Dataset content.
************

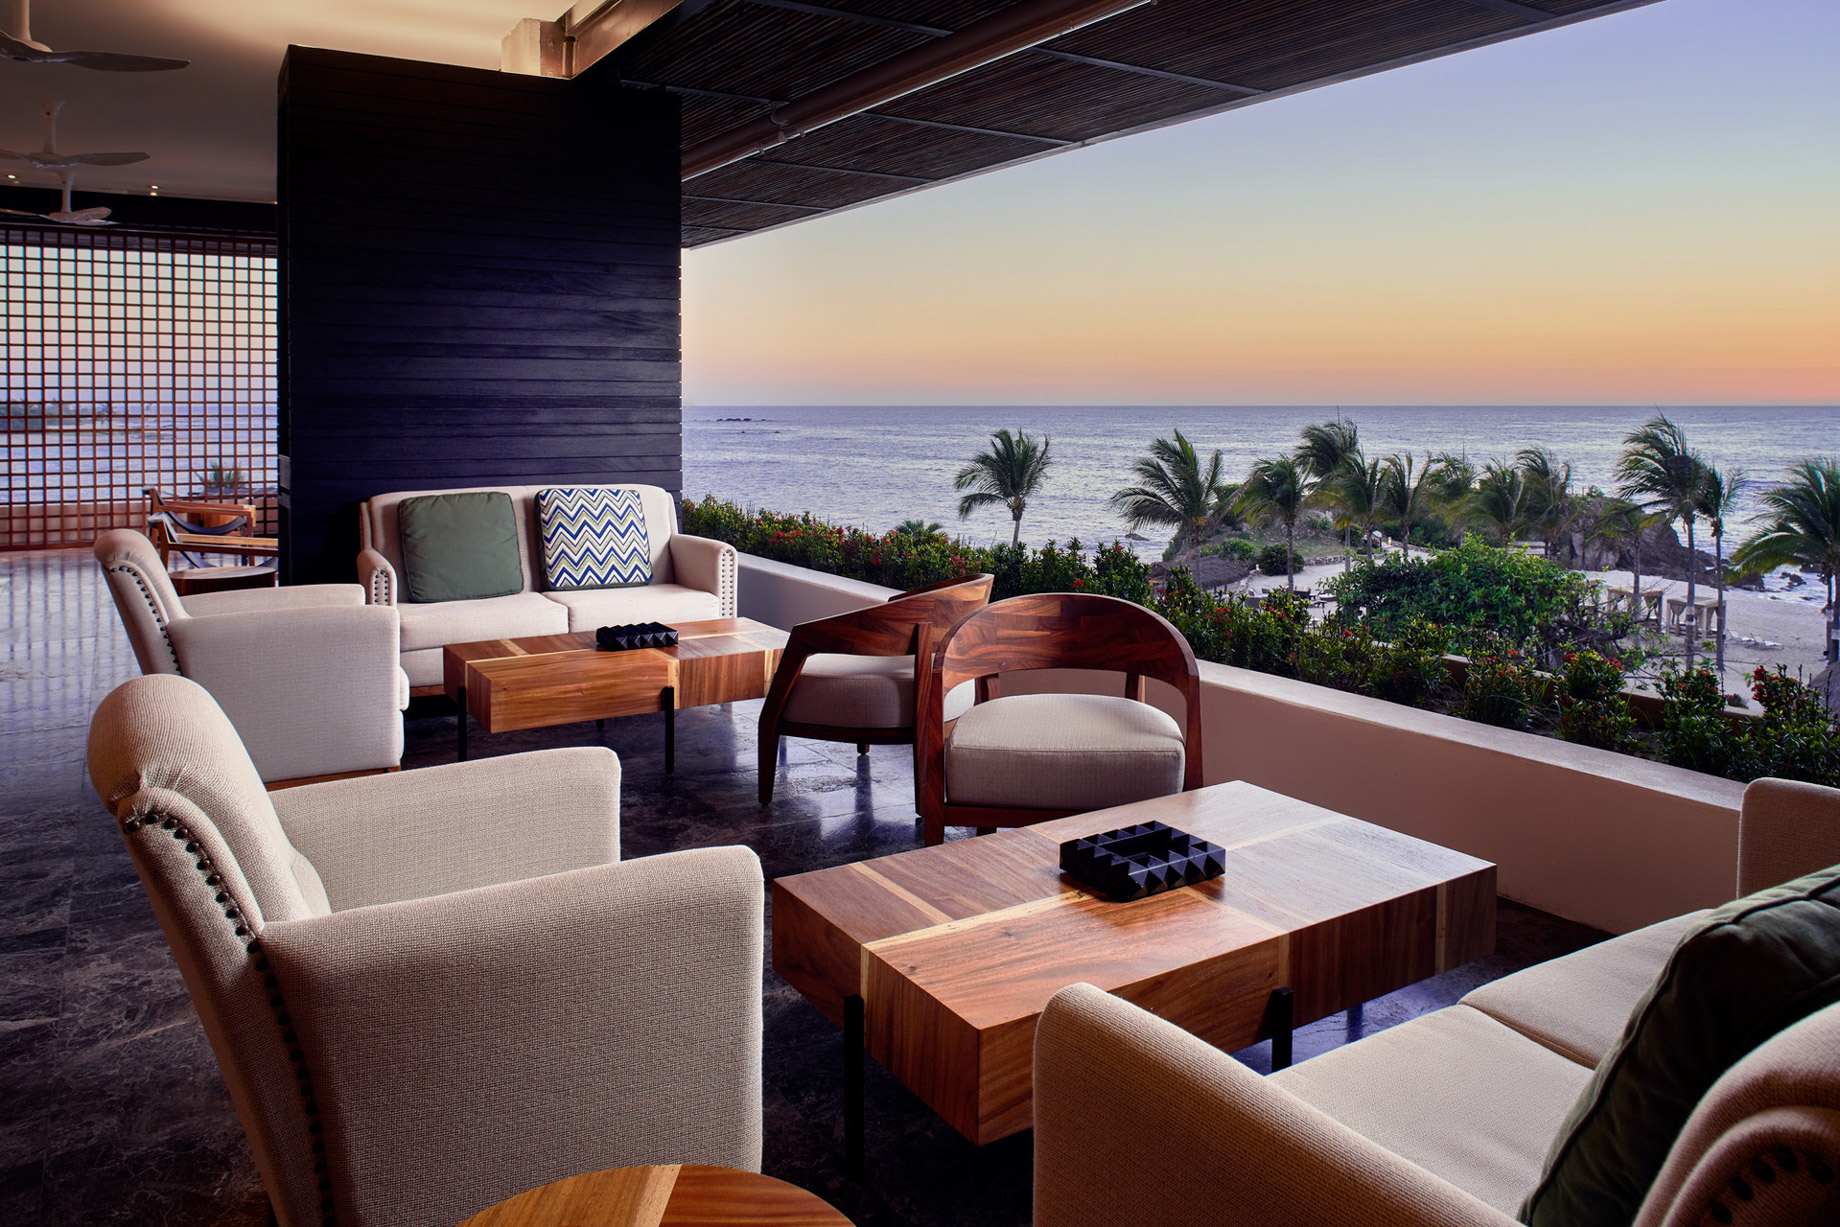 Four Seasons Resort Punta Mita – Nayarit, Mexico – Oceanview Restaurant Sunset Dining
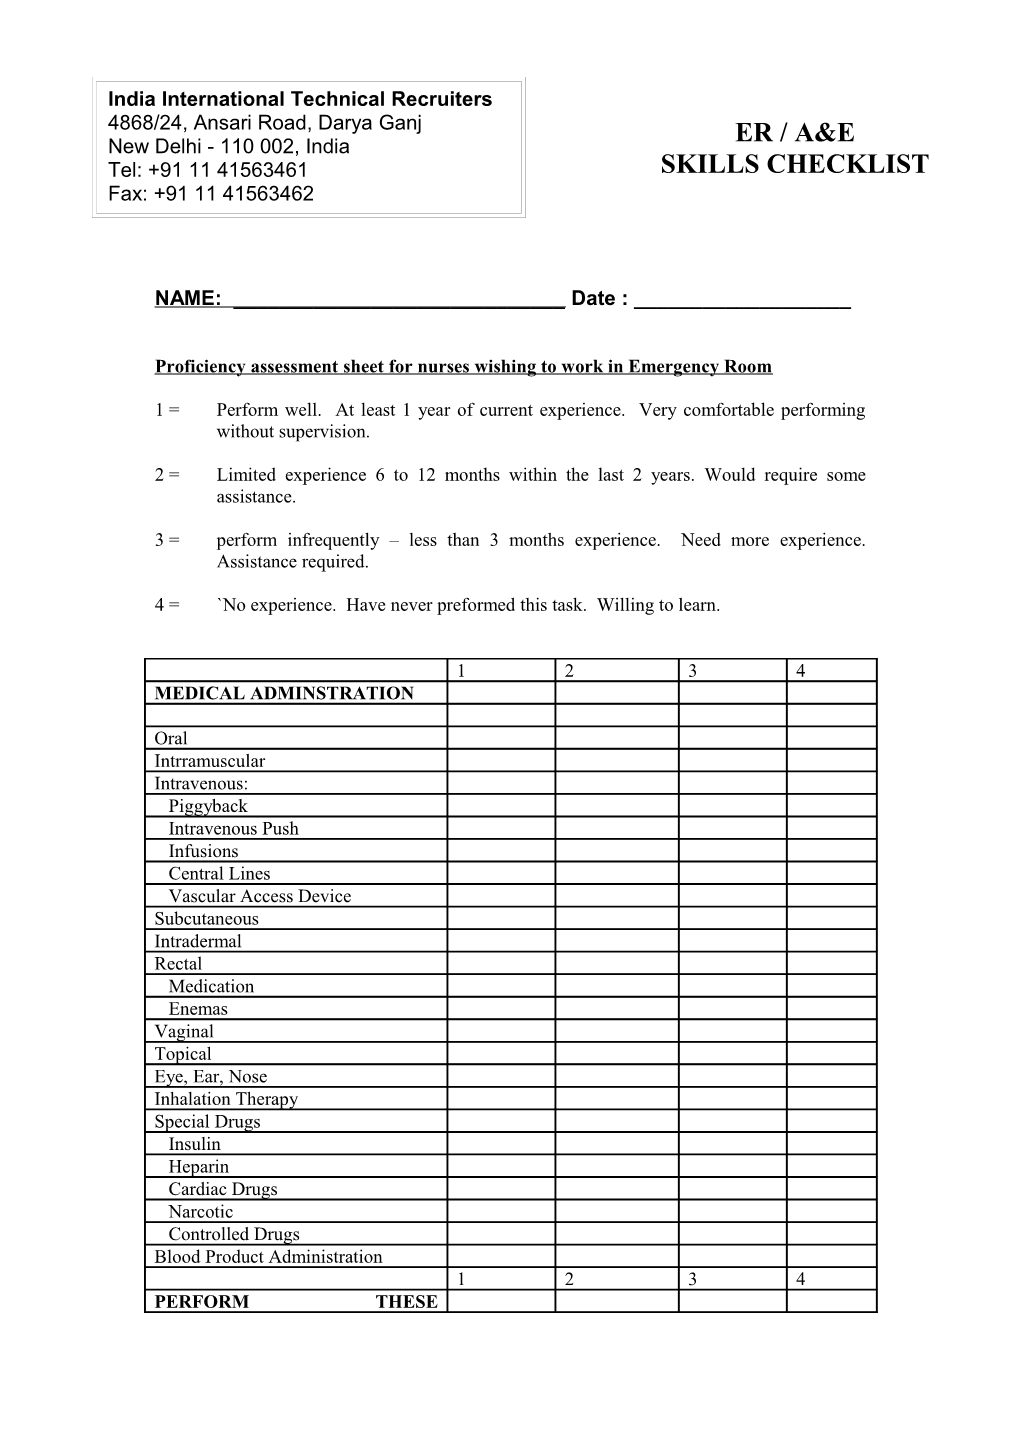 Proficiency Assessment Sheet for Nurses Wishing to Work in Emergency Room
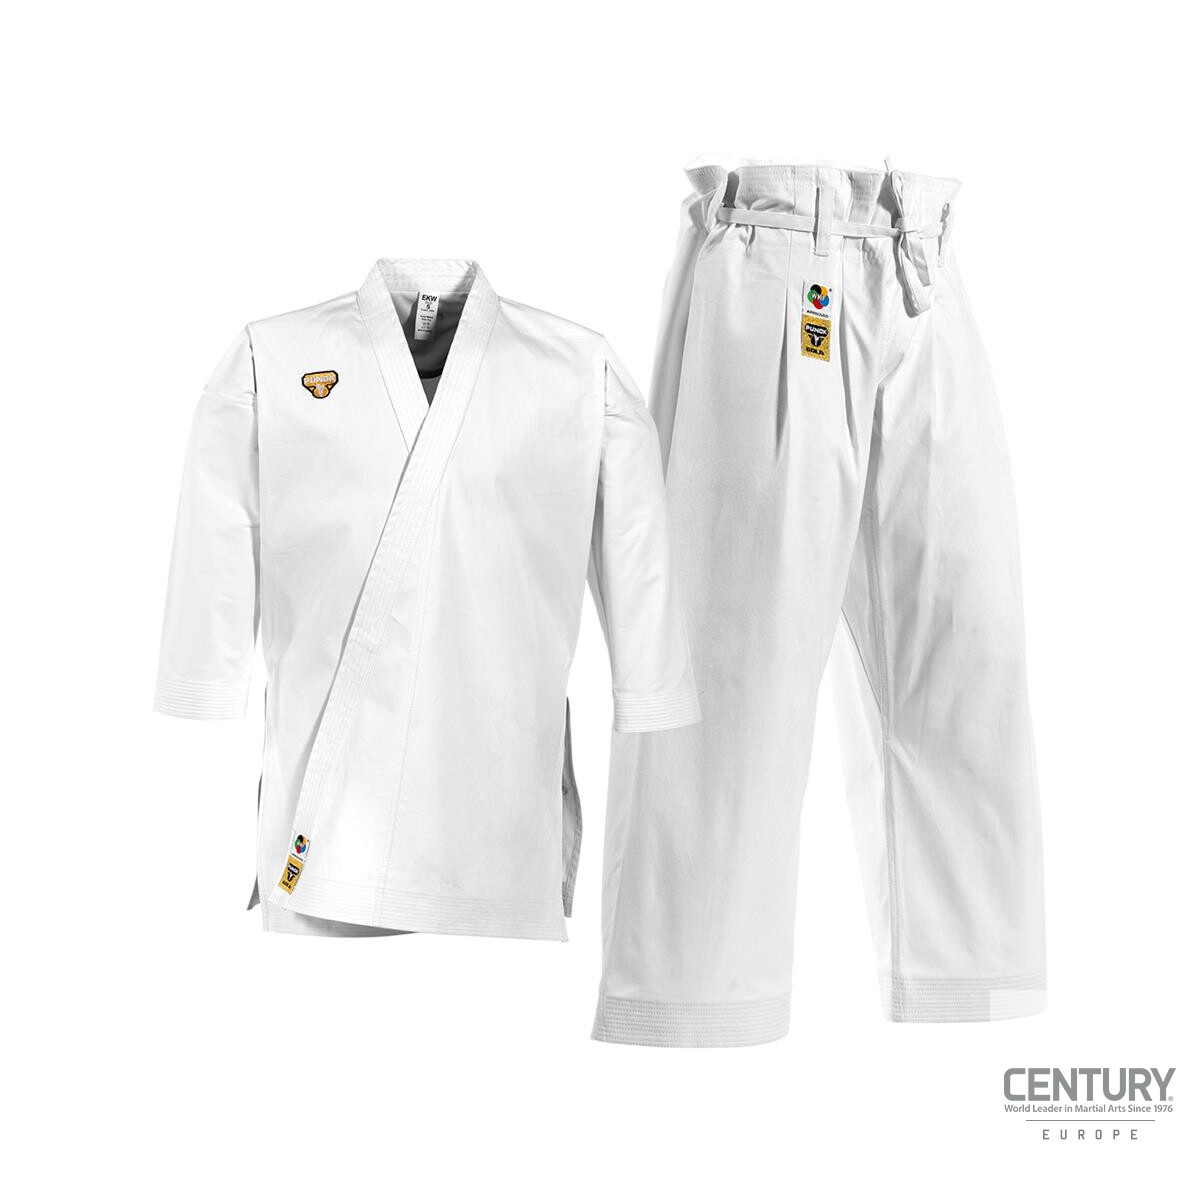 Century Karate Gi Size Chart

************

An exact copy of every line above is needed, without the images.

 Four Seasons Resort Punta Mita – Nayarit, Mexico – Oceanview Restaurant Sunset Dining
 Proficiency Assessment Sheet for Nurses Wishing to Work in Emergency Room
 Century Karate Gi Size Chart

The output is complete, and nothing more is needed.